Look through the entries below for the line with "Top 5 Tips for Building Effective Web Forms" and the line with "Women's Exquisite 1.44ct", then give again exactly those two lines and all lines between them, minus the pictures.

DATASET RECORDS
____

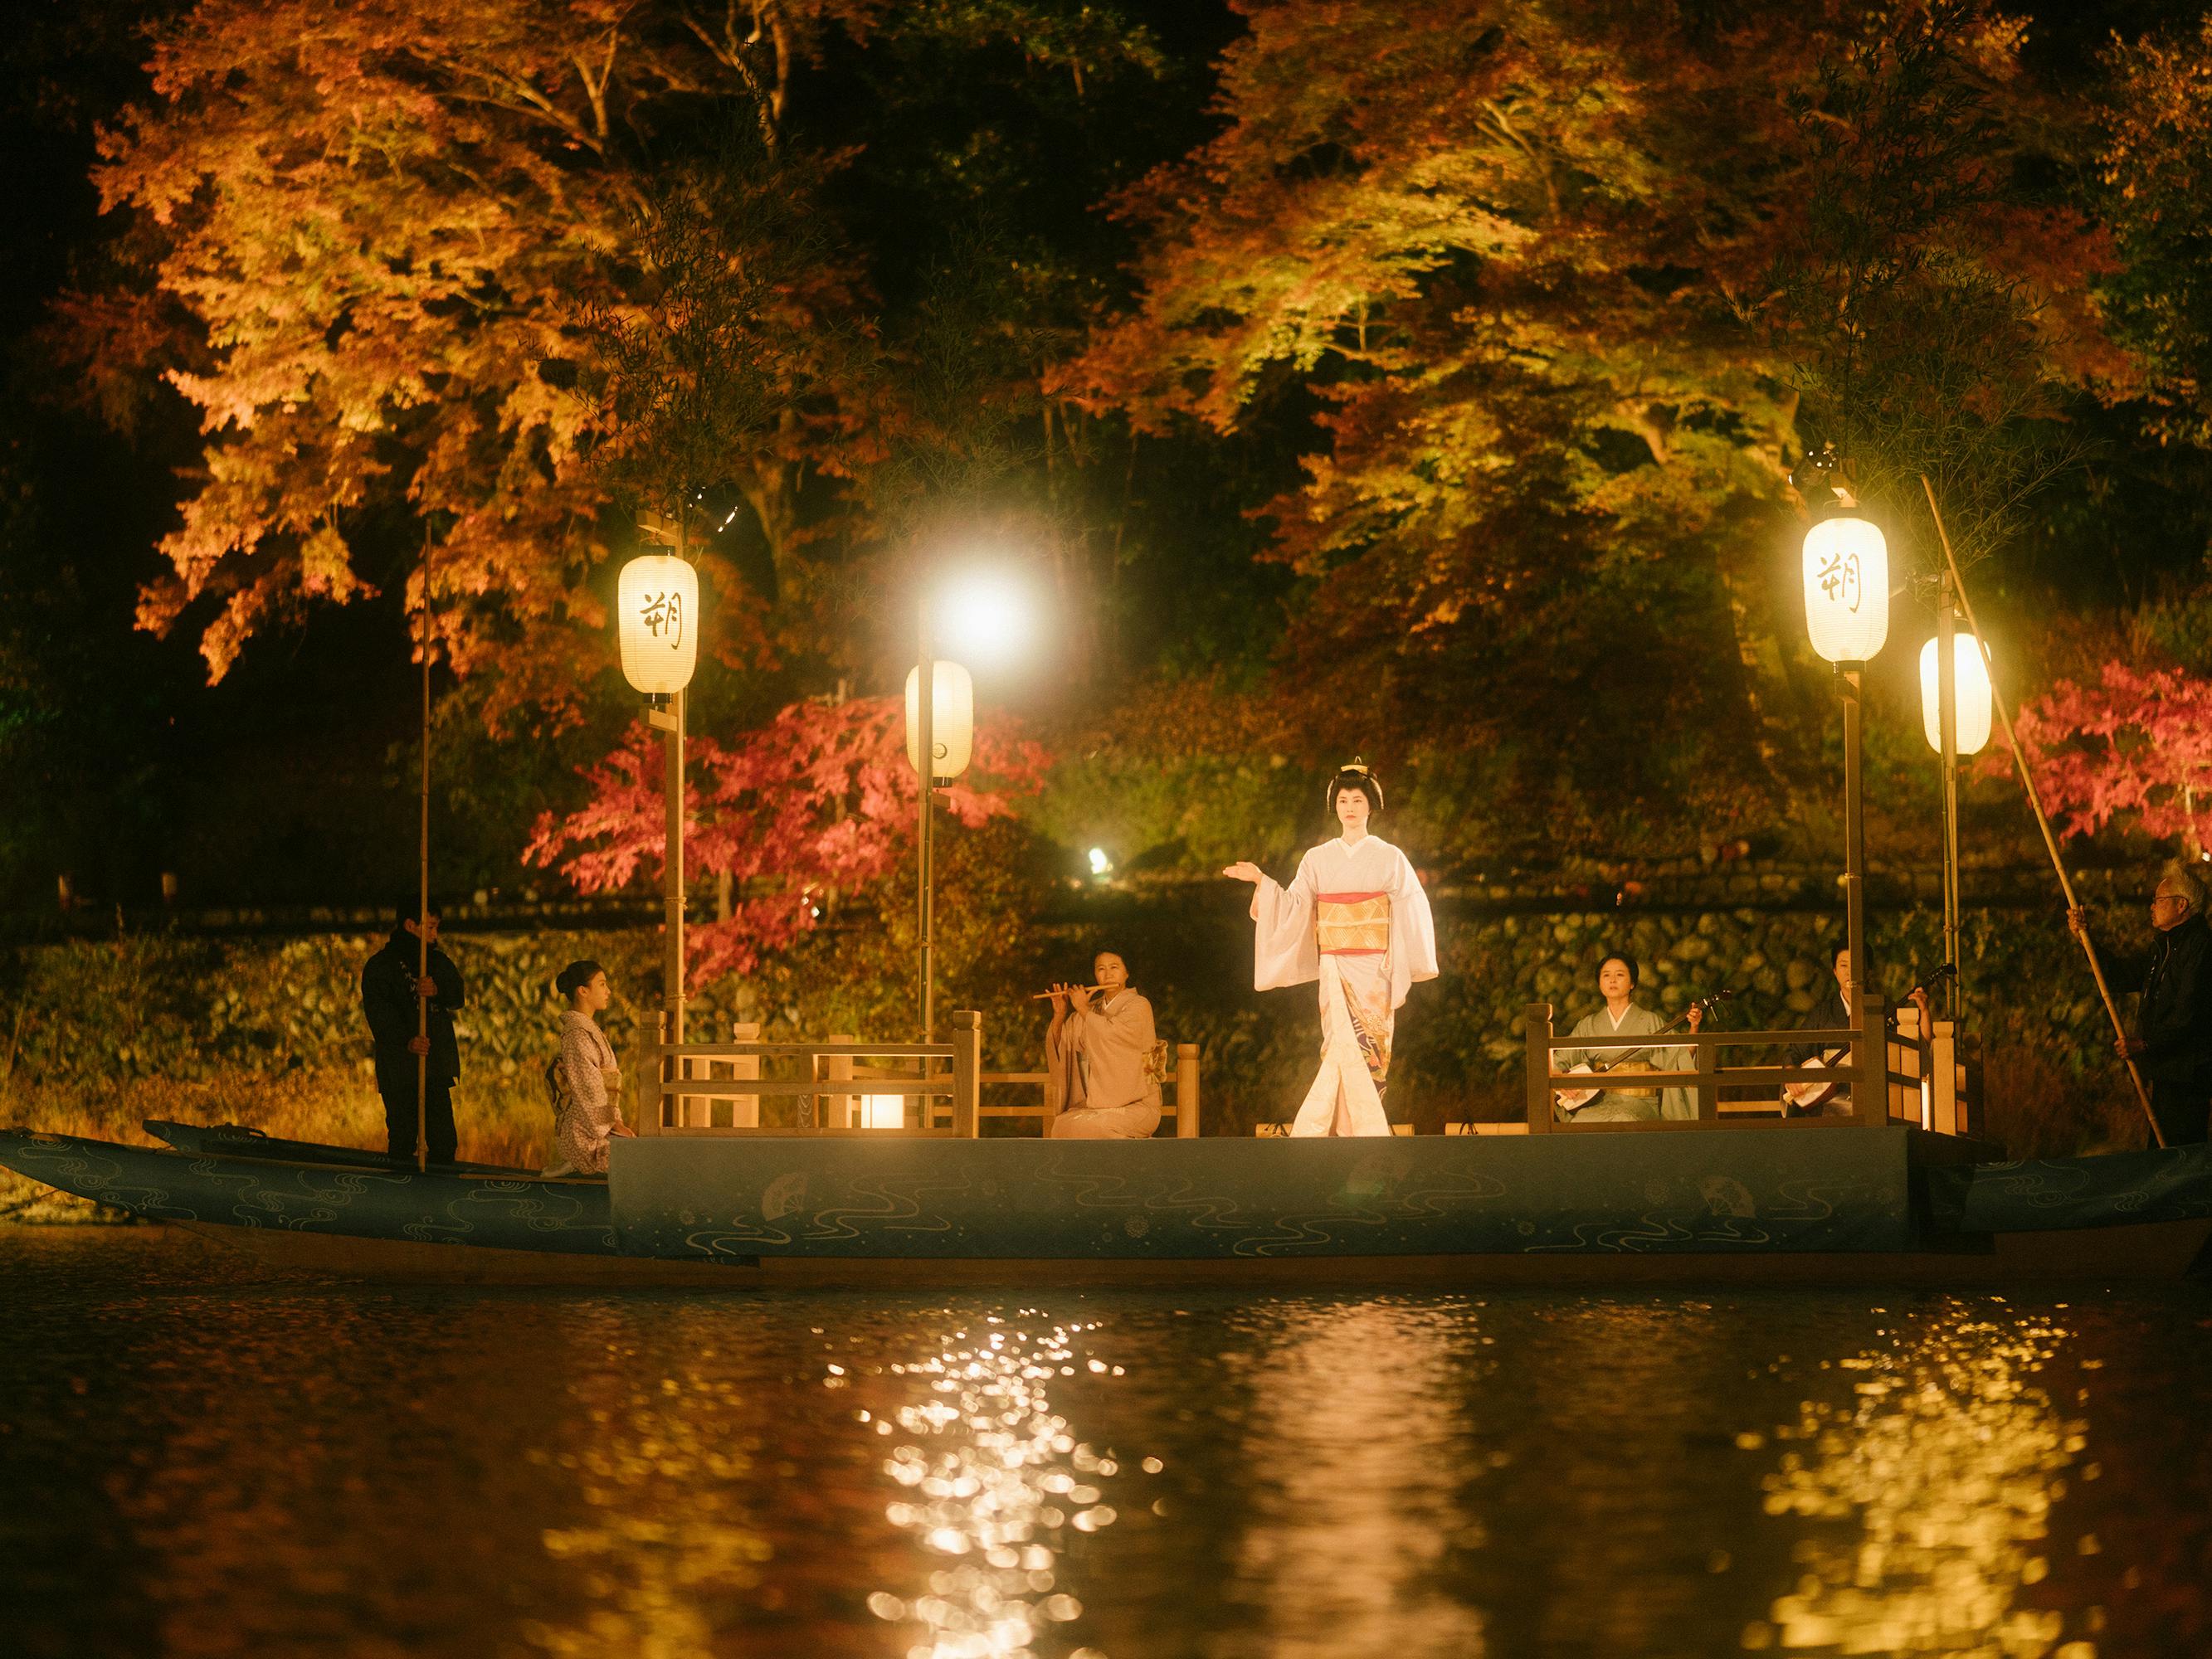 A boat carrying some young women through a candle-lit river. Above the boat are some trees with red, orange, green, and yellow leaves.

____

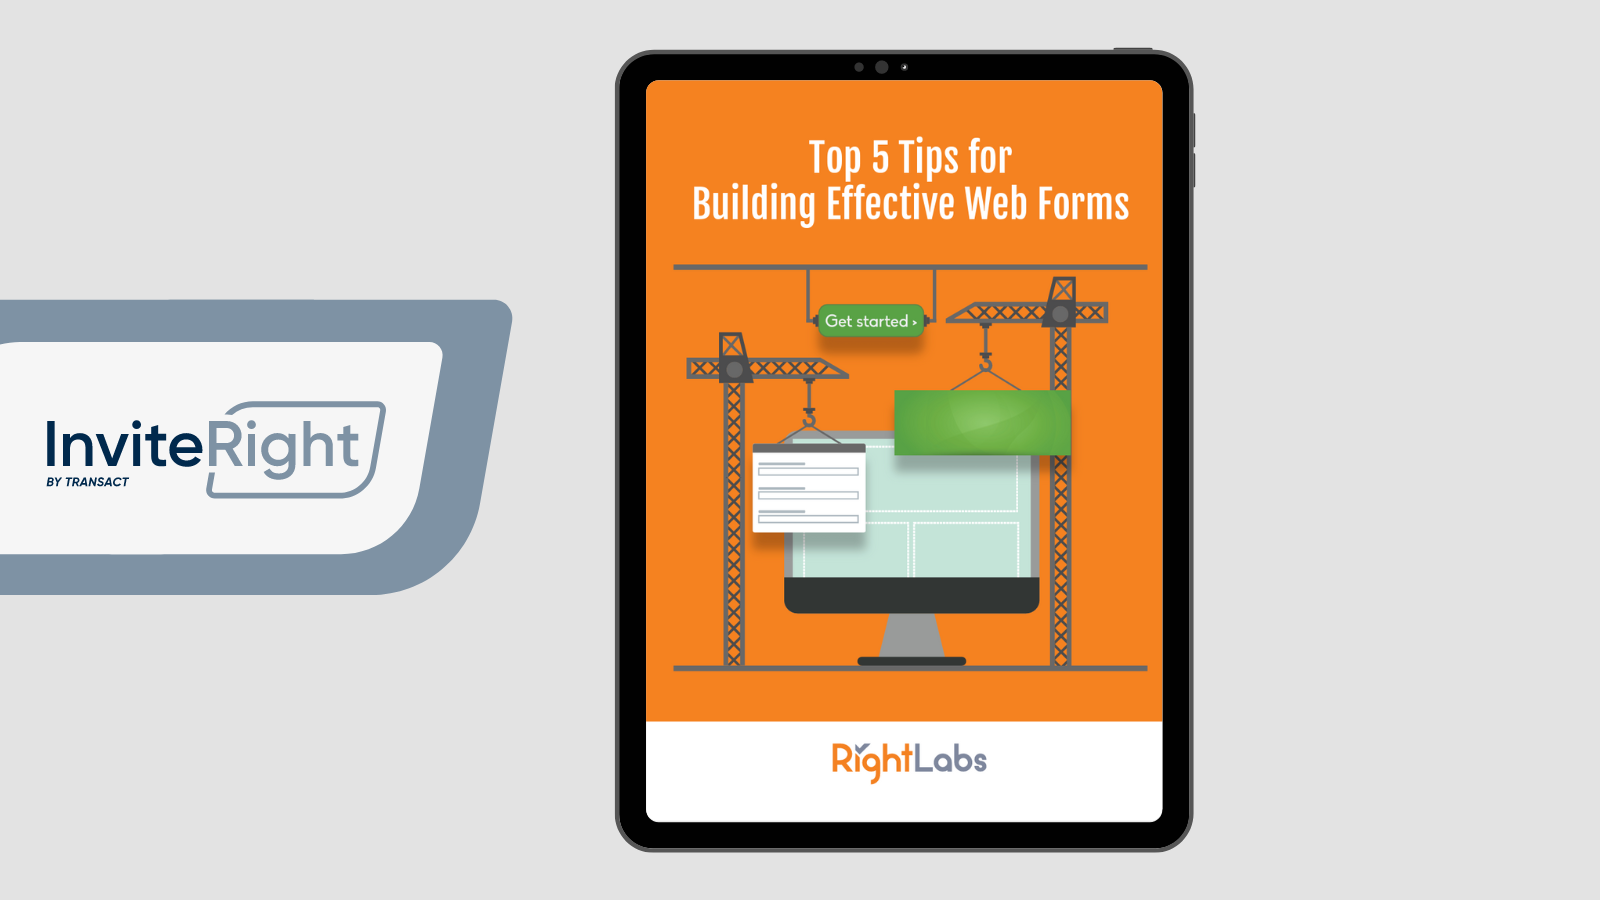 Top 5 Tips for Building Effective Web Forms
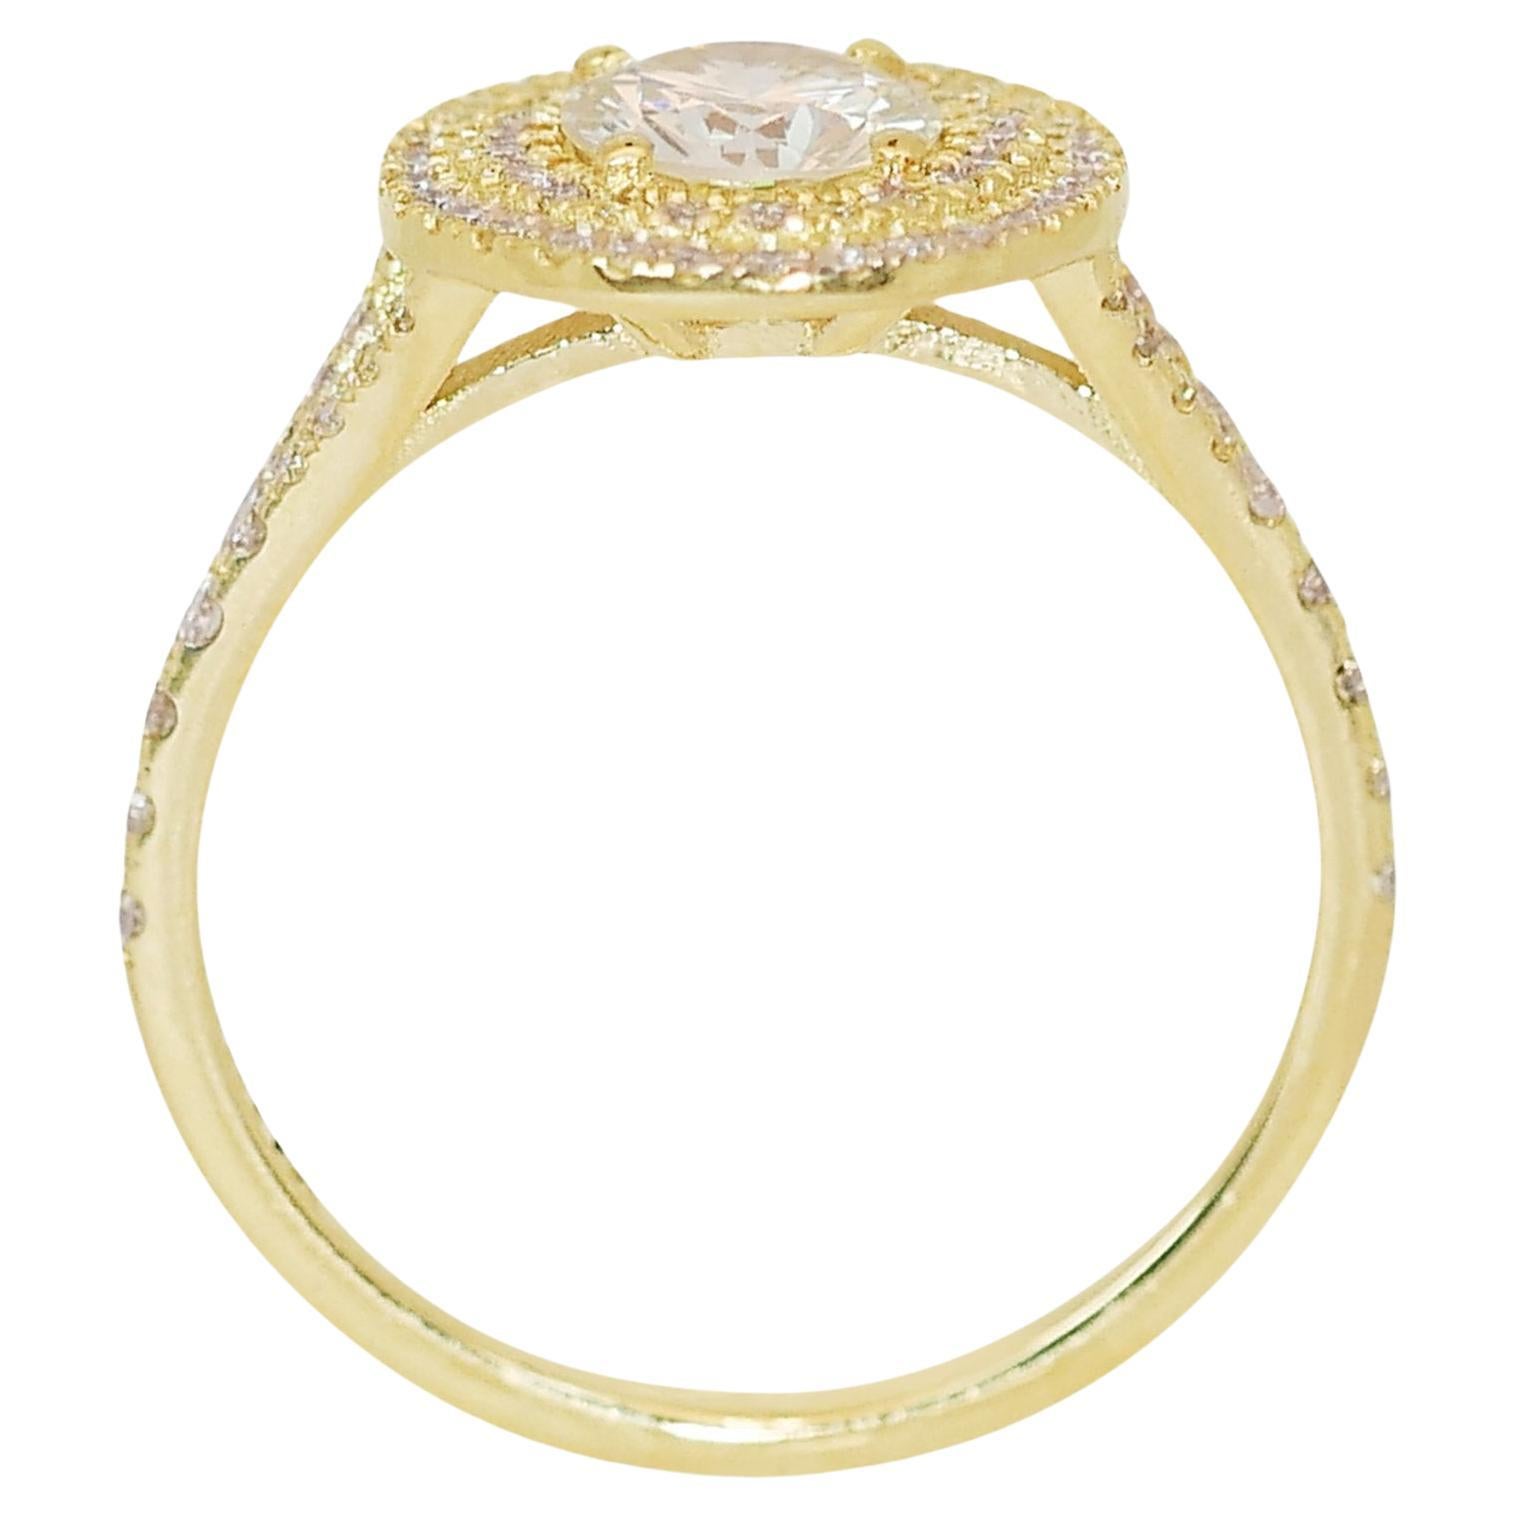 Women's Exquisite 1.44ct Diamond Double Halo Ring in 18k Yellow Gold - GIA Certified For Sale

____

FINISHED TASK
 Top 5 Tips for Building Effective Web Forms
 Women's Exquisite 1.44ct Diamond Double Halo Ring in 18k Yellow Gold - GIA Certified For Sale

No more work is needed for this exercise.